March 11, 2023
Coined by sabermetrican, Voros McCraken, “Voros’s Law” states that any player can hit just about anything in around 60 at-bats. The concept is easy to understand. Over the course of 17 games and 59 at-bats in May 2014, Mike Trout posted a batting average of .153. In 2022, Corey Dickerson put up not one, not two, but three 17-game spans where he averaged .460 or higher, joining only Aaron Judge and J.D. Martinez as players who had three such streaks. Any player can hit anything in around 60 at-bats.
If Voros’s Law is true during the regular season, it is doubly true of Spring Training during a year where some of the best ballplayers on the planet have departed their clubs to play in the World Baseball Classic.
Enter Jordan Walker, the 20-year-old righthander, who has mashed three home runs and slashed .424/.424/.813 through the first ten Spring Training games of 2023, nearly insisting that John Mozeliak and co. find a place for him on the Opening Day roster. That Walker might find himself on the 26-man when the Cardinals take the field in St. Louis against the Toronto Blue Jays on March 30 was far from a given. FanGraphs’ ZiPS and Steamer systems currently project Walker for 116 and 102 games, respectively.
Part of the reason Walker might have been expected to start the season with AAA Memphis was due to the unclear path through the logjam of talent ahead of him. The Cardinals drafted Walker as a third baseman in the first round of the 2020 Draft, a position occupied by in St. Louis Nolan Arenado, who declined to exercise his opt-out clause this past offseason, leaving him firmly parked in the hot corner through the 2027 season. Walker has taken up work in the outfield, which provides him an easier route to the big league roster than supplanting Arenado, but remains a tall order.
With only one losing season since the turn of the century (which, incidentally, immediately followed the team’s World Series victory in 2006),Cardinals fans know that any of the team’s problems are the good type to have. The 2023 outfield is exactly that brand of good problem. The presumptive starters, Dylan Carlson, Tyler O’Neil, and Lars Nootbaar, each have a high ceiling and a not insignificant question mark entering the season. In 2022, Carlson, himself a former first-round pick, faltered down the stretch, where his first-half WRC+ of 111 fell to 85. He struggled particularly against right-handed pitching, against him is WRC+ of 83 on the year was 60 points below his marks against lefties. O’Neil has been explosive when healthy, posting a WRC+ of 144 over the course of the 2021 season, but played in only 96 games in 2022. Nootbaar, for his part, put together a strong 2022 campaign punctuated by 90th percentile leaguewide exit velocity and 98th percentile walk rate. He, and his pepper grinder celebration, have become darlings of not only the St. Louis front office, coaching staff, and fans, but the world at large following Shohei Ohtani’s adoption of the celebration in the World Baseball Classic.[6] Even so, it remains to be seen whether Nootbaar can continue to build on his strong rookie season.

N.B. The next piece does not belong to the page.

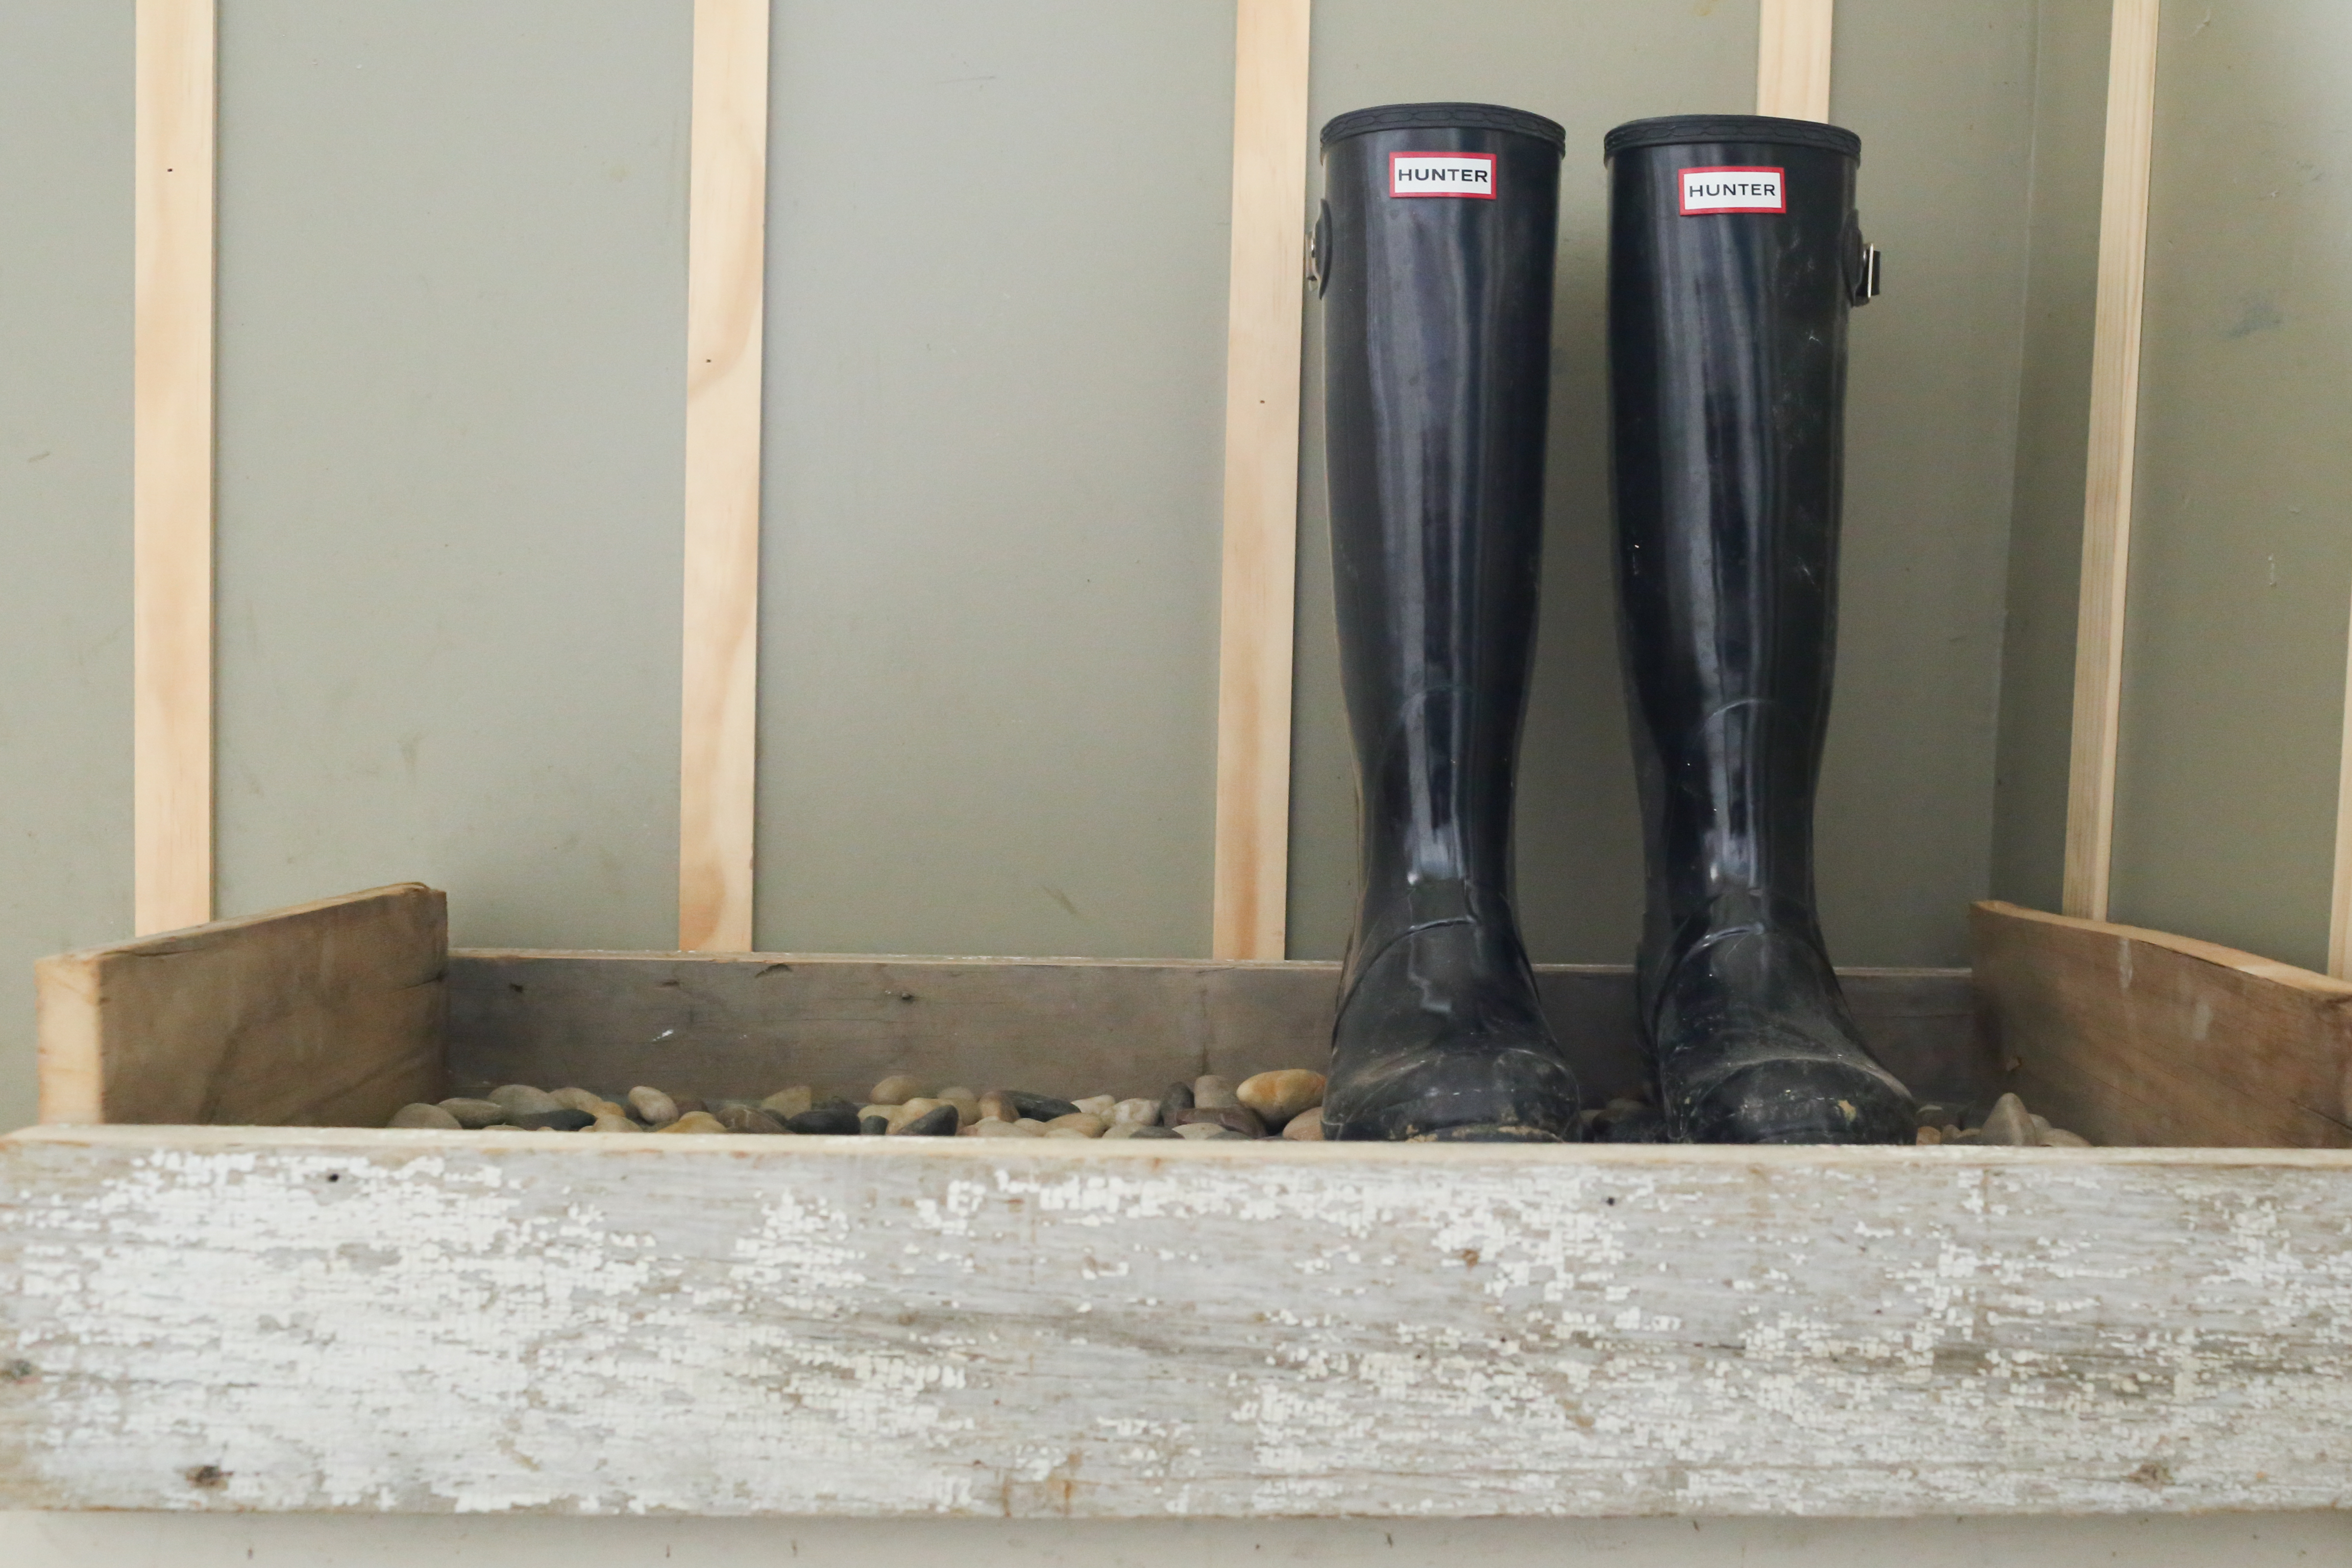 The farmhouse boot tray helps drain the boots and keeps them in place in style.

To make matters worse for Walker, all three of the outfield frontrunners are plus defenders. Carlson started 69 games in center field in 2022, primarily taking over the position following Harrison Bader’s trade to the Yankees. When O’Neil came into camp this spring, he requested the opportunity to audition for the center field role, which the Cardinals will grant him. Both O’Neil and Nootbaar will play centerfield for their World Baseball Classic squads.
Walker is not the only guy hoping to get an outfield spot, either. Juan Yepez hit a respectable .253/.296/.447 over 274 plate appearances in 2022, including 12 home runs. Alec Burleson appeared in 16 games this past season and, although he did not post great numbers, he remains a strong prospect. Oh, yeah, and super utility man, Brendan Donovan, appeared in 37 games in the outfield in 2022, as well.

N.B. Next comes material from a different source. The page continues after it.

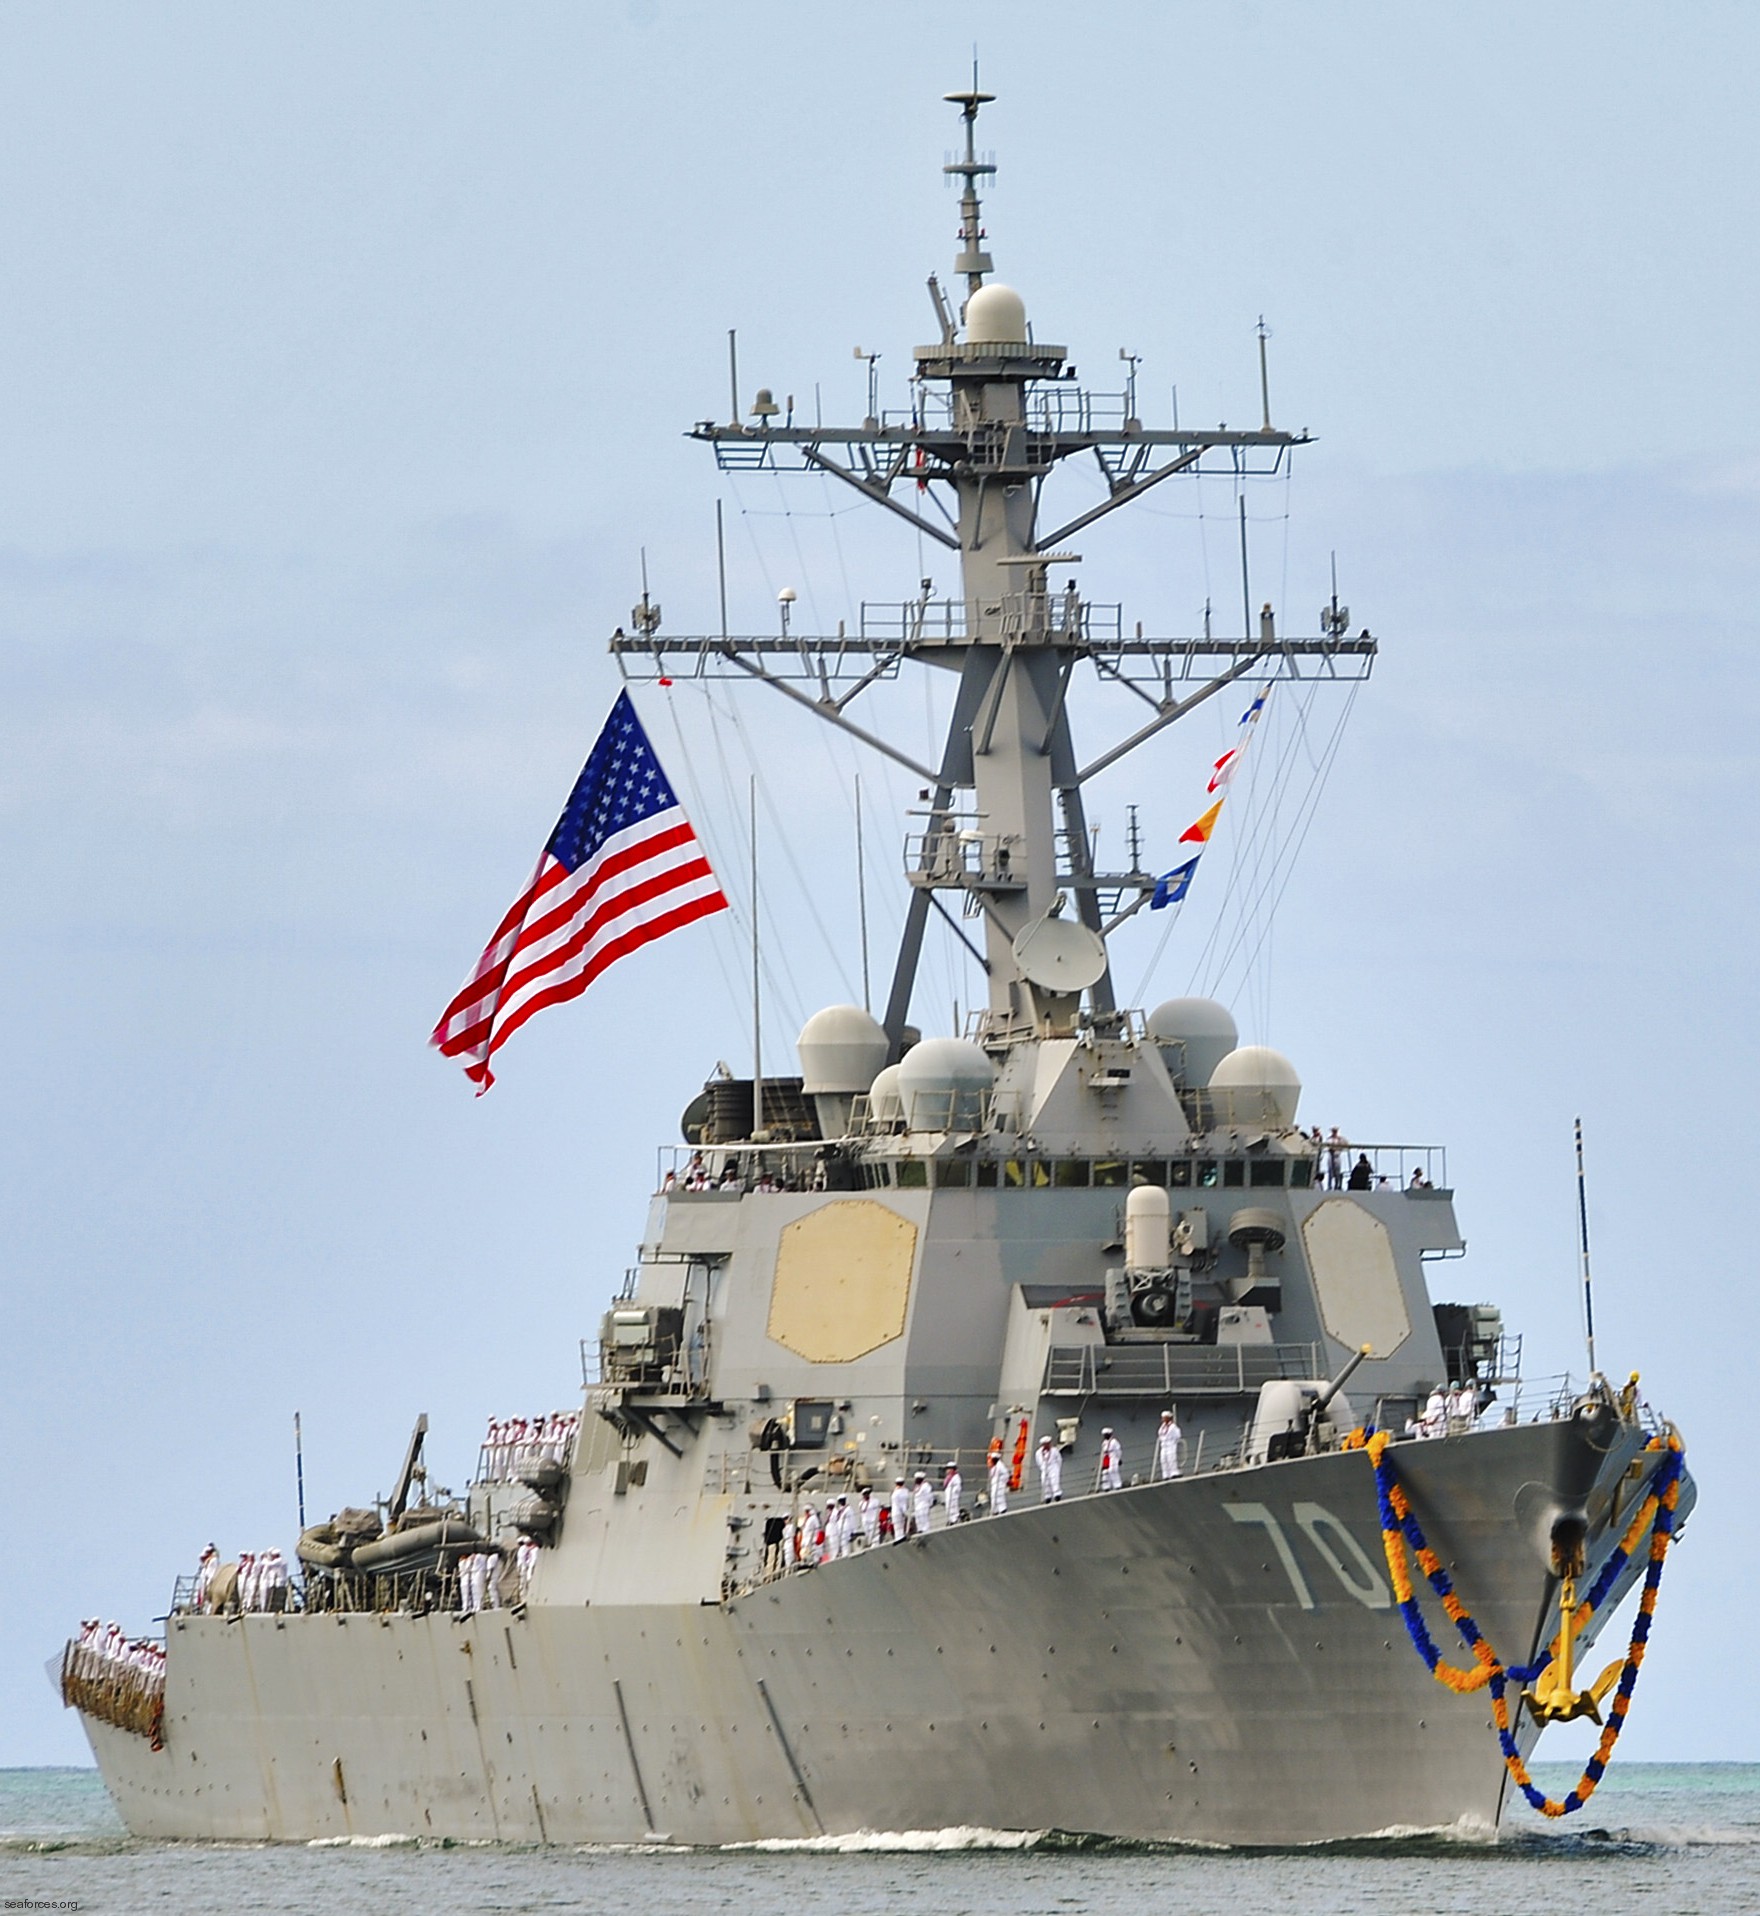 ddg-70 uss hopper guided missile destroyer arleigh burke class aegis bmd 16 joint base pearl harbor hickam hawaii

The door to a roster spot was always going to be there for Walker as a non-roster invitee to Spring Training. The question was whether he could find a way to wrench it open. An injury seemed the likeliest route, but that was ten exhibition games ago. That was before, per MLB Pipeline, Walker led all Spring Training players in average (.452), slugging (.839), OPS (1.291), total bases (26), hits (14), and extra-base hits (6, tied).[8]

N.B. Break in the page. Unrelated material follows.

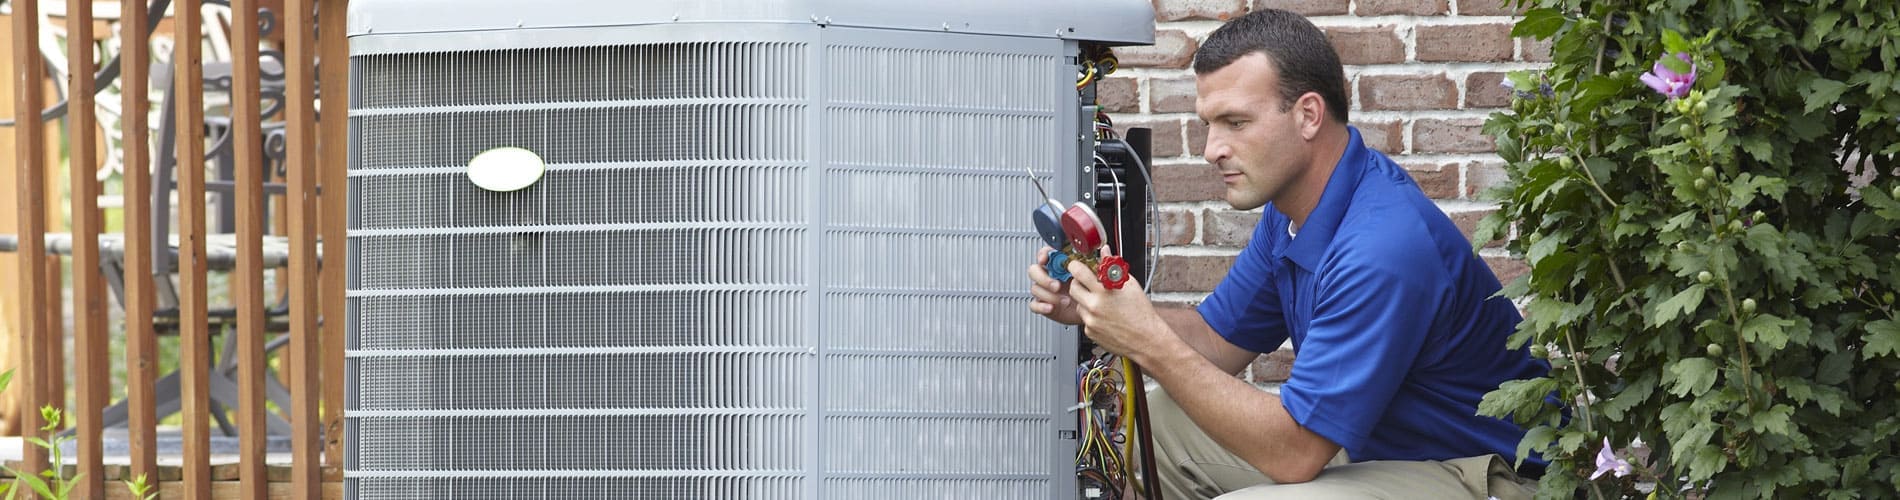 Air Conditioning And Heating Miami, FL - Emergency Home AC Installation And Heating System Repair

We know the sample size is miniscule. We know the pitchers Walker has faced are ramping up, testing out new pitches, experimenting with new rules, and may not all represent big league talent. We know that in about 60 at-bats, any guy can hit anything. But when you look at the 33 at-bats Walker has masterfully pieced together, we can’t help but forget the other things we know.
Maybe it’s the optimism of spring, when the players are in the Best Shape of Their Lives and each team’s dream of hoisting that piece of metal in October remains intact; maybe it’s that humans are bad at holding two ideas in their head at once. All I know is this: Jordan Walker is the best ballplayer on Earth.